The Centre’s resources are directly linked to PAT achievement bands, making it easy for you to find the specific teaching activity appropriate for each student, but there are a range of other sources out there, too. The government’s advisory body to schools on copyright issues, Smartcopying, offers this guide to selecting teaching resources that won’t infringe copyright, as well as best practice for sharing them securely with students.
Additionally, the various state and territory education departments have made a range of remote teaching resources and support available – find them in the links at the end of this PAT Insights story.
Step 3: Upskill yourself
Targeted resources suitable for remote delivery are just one part of the remote teaching picture. Even the most experienced classroom teachers will need to rapidly upskill to deliver remote learning effectively. The Australian Institute of Teaching and School Leadership (AITSL) has produced this excellent overview of key principles, and ACER researchers wrote this guide to taking an evidence-based approach for Teacher magazine, but there is no substitute for practical training.
Our ACER-accredited Online Teaching course offers an in-depth, evidence-based approach and is now offered as an intensive, with new intakes added regularly to meet demand from Australia’s educators.
The case for assessment
With NAPLAN cancelled in 2020, formalised assessment is unlikely to be an item on your Term 2 agenda. However, many questions will need answers once this period of instability ends. How will students cope with the transition to remote learning? Will some flourish while others are left behind? Do students and teachers possess enough digital literacy to navigate the world of remote learning? Will some curriculum areas suffer more than others? Will students continue to grow in their learning – and how will we know if they do?
A series of reports commissioned by the Australian Government published recently suggests that there may be far-reaching educational disadvantage disproportionately affecting already vulnerable children as a result of the current situation, and suggests that performance in certain subjects – in particular, numeracy – will be negatively affected.
These predictions will be borne out – or not – in your assessment data and mitigated by quality targeted teaching. Most schools administer PAT assessments in Term 3 and Term 4 and, if this is you, we recommend sticking to that schedule; the research shows that standardised assessments are most effective in measuring progress when administered around 9-12 months apart. Other schools are administering PAT in Term 2 and we have made special provisions to help them out.
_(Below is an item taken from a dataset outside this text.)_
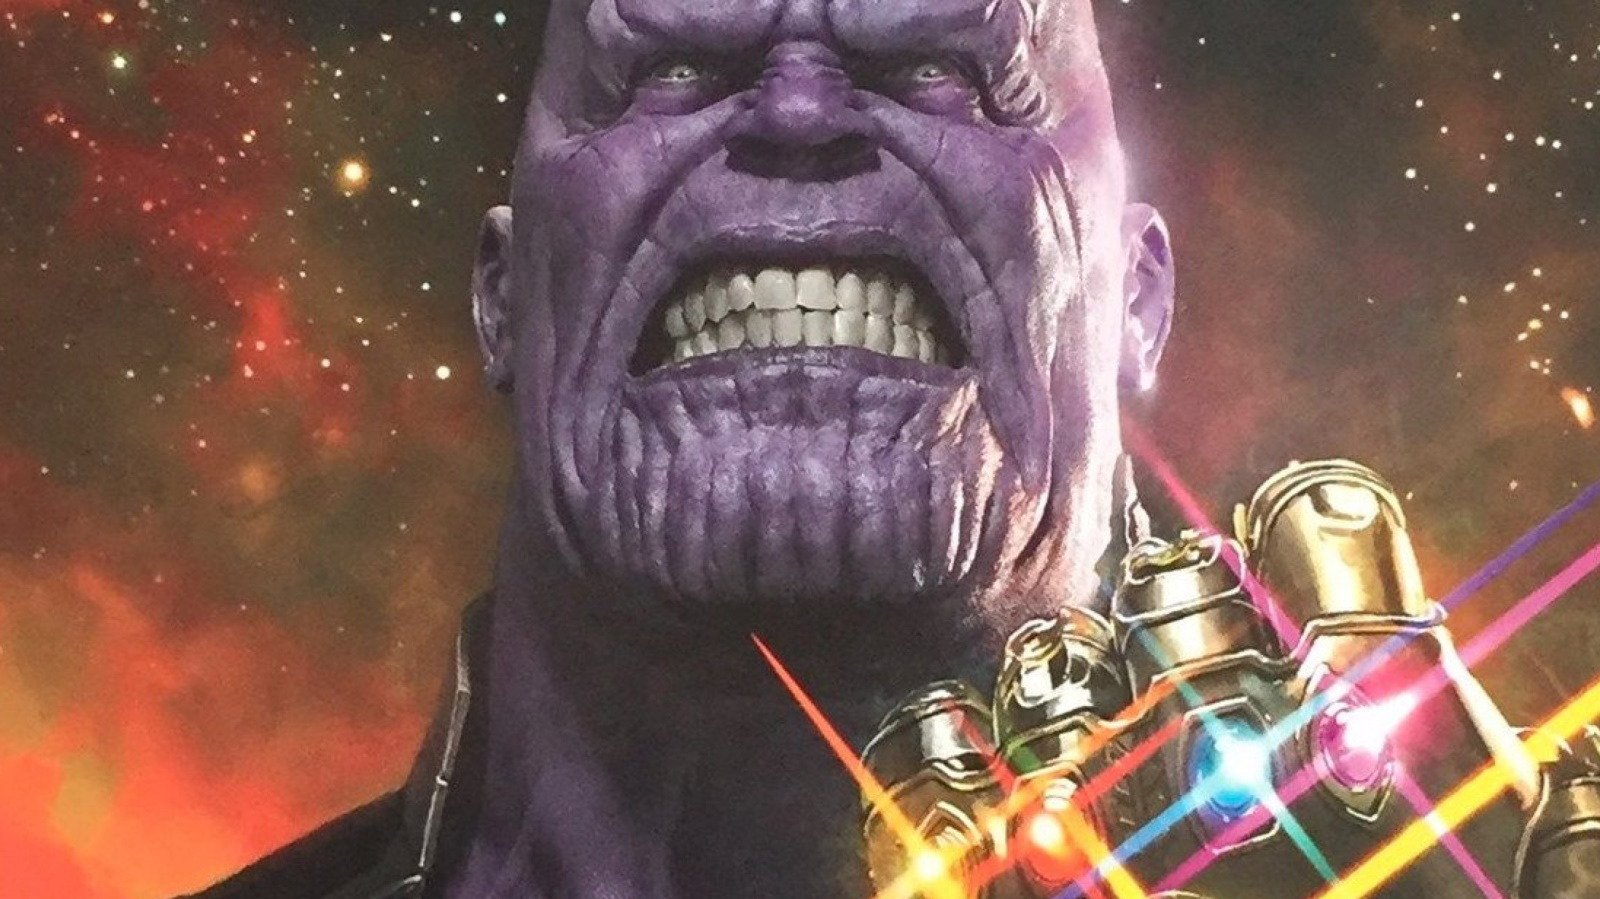 Fan Theories About Thanos' Snap That Make The MCU Scarier

However, teachers may benefit from short-term diagnostic information in Term 2 and parents may be keen to see tangible evidence of their child’s progress. ACER Certificates are a self-paced program in mathematics and reading that can be completed at home and awarded by teachers to students on their return to school.
It’s hard to know when Australian education will return to ‘normal’ – or what that normal will look like when it does – so it is reassuring to know that data can provide a degree of certainty in uncertain times, giving teachers the evidence they need to pinpoint starting points for learning, to target their teaching, to find resources appropriate for remote delivery and to get a reliable picture of their students’ progress over time. It’s how we use that data that may be the ultimate determinant of the success of remote learning in Term 2 2020.